STAT 408 HW 2

Problem 1

Problem 2

No, the conclusion does not imply there is no linear association between X and Y. If we fail to reject a hypothesis, it simply means we do not have enough evidence to reject the statement of the hypothesis or prove that its wrong. This means that we cannot guarantee that there is no linear association between X and Y.

Problem 3

Part A.

Based on a p-value of \(0.025 < \alpha = 0.05\), we reject the null hypothesis that \(H_0: \beta_1 = 0\).

b_0 <- 10
b_1 <- 0.56
n <- 18
x_bar <- 8
sxx <- 56
sse <- 22
mse <-11/8 #SSE/n-2 found in the last hw 



s_b1 <- sqrt(mse)/sqrt(sxx)
s_b1 # Standard deviation on b1

## [1] 0.1566958

t <- (b_1 - 0)/s_b1
t # Test statistic

## [1] 3.573804

p<- 2*pt(-abs(t), df=n-2)
p #P value of

## [1] 0.002535736

Part B.

The 99% confidence interval is \(0.56 \pm 0.4576\), which is \((0.102358, 1.01764)\). This means we are 99% confident that \(\beta_1\) is within the constructed interval, i.e, if this experiment were to be repeated N times, where N is large enough, \(\beta_1\) is in approximately 99% of the intervals.

a <-0.01

m <- qt(1-(a/2), n-2) #Multiplier
#CI = b_1 +/- m*s_b1

b_1 + m*s_b1

## [1] 1.017674

b_1 - m*s_b1

## [1] 0.1023258

Part C.

The 95% confidence interval is 10 +/- 2.721266, which is \((7.2787, 12.72127)\). This means we are 95% confident that \(\beta_0\) is within the constructed interval, i.e, if this experiment were to be repeated N times, where N is large enough, \(\beta_0\) is in approximately 95% of the intervals.

x_n <- 8

inner <- (1/n) + ((x_n)^2/sxx)

s_b0 <- sqrt(mse)*(sqrt(inner))
s_b0

## [1] 1.283673

s_b0 <-sqrt(mse*(1/n + (x_n^2)/sxx))
s_b0

## [1] 1.283673

a<-0.05

m <- qt(1-(a/2), n-2) #Multiplier
m*s_b0

## [1] 2.721266

#CI = b_1 +/- m*s_b1

b_0 + m*s_b0

## [1] 12.72127

b_0 - m*s_b0

## [1] 7.278734

Problem 4

Part A.

The 99% confidence interval is between \((0.0053856,0.07226864)\). This means we are 99% confident that \(\beta_1\) is within the constructed interval, i.e, if this experiment were to be repeated N times, where N is large enough, \(\beta_1\) is in approximately 99% of the intervals.

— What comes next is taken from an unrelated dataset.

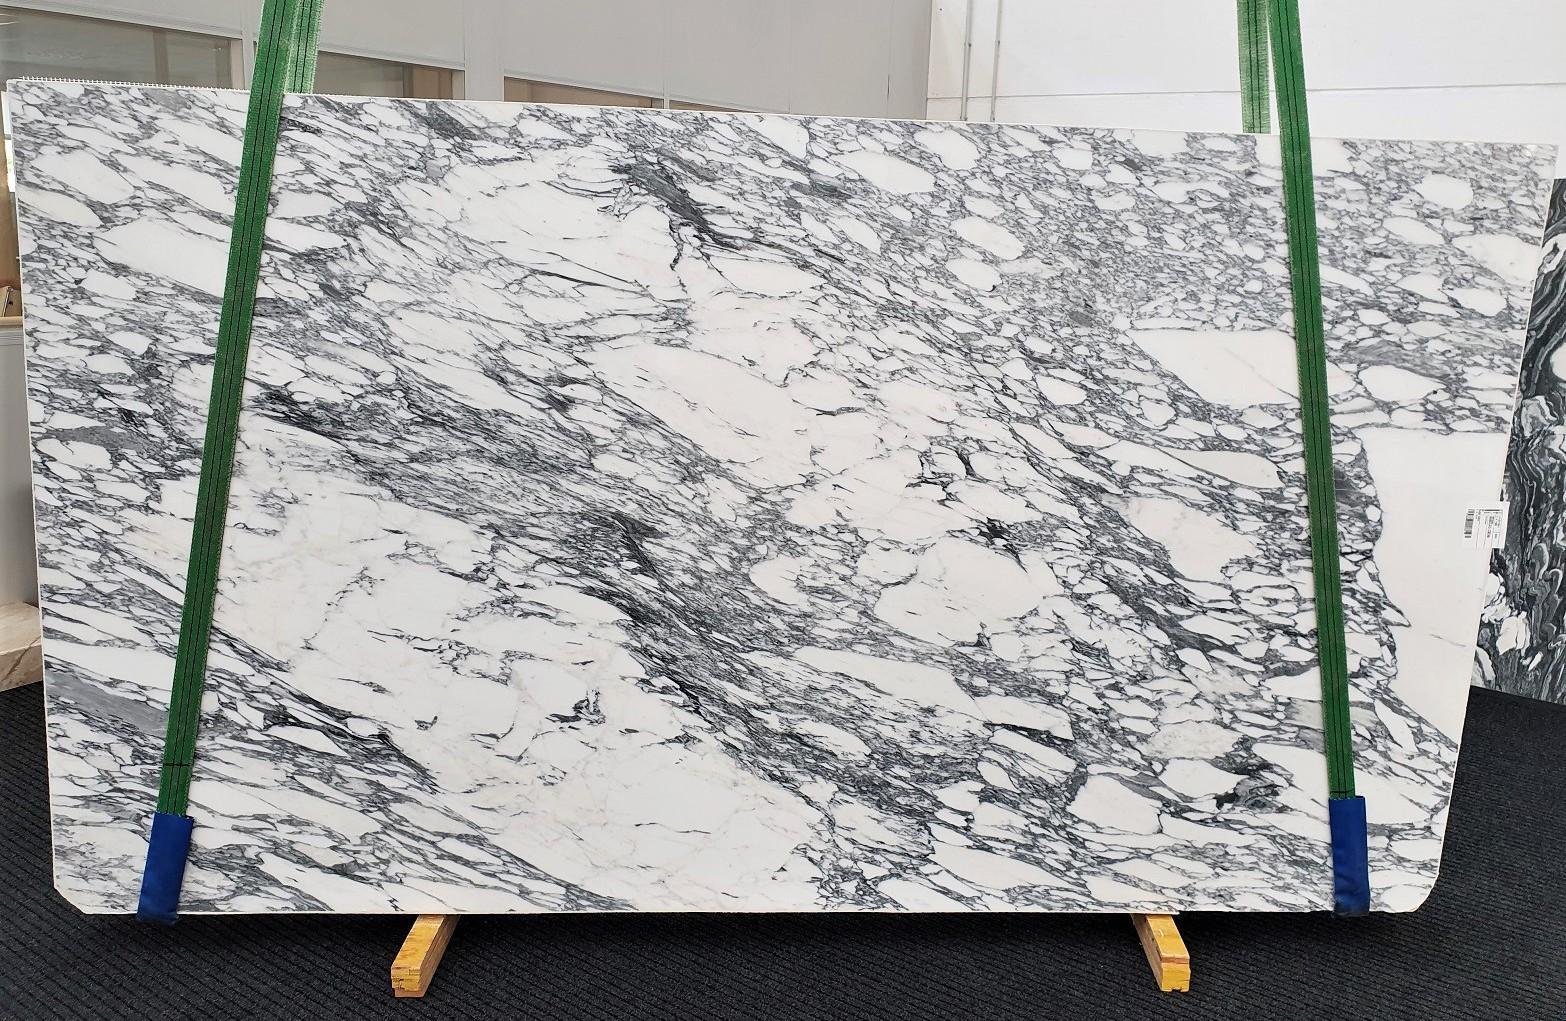 ARABESCATO CORCHIA Supply Veneto (Italy) polished slabs 1420 , Slab #53 natural marble

This interval does not contain 0. The admissions director might be interested in whether the confidence interval includes 0, because that may suggest that the difference is not signifcant. If ACT scores have no impact on a student’s GPA, they do not have to list a minimum requirement and can increase the amount of applicants.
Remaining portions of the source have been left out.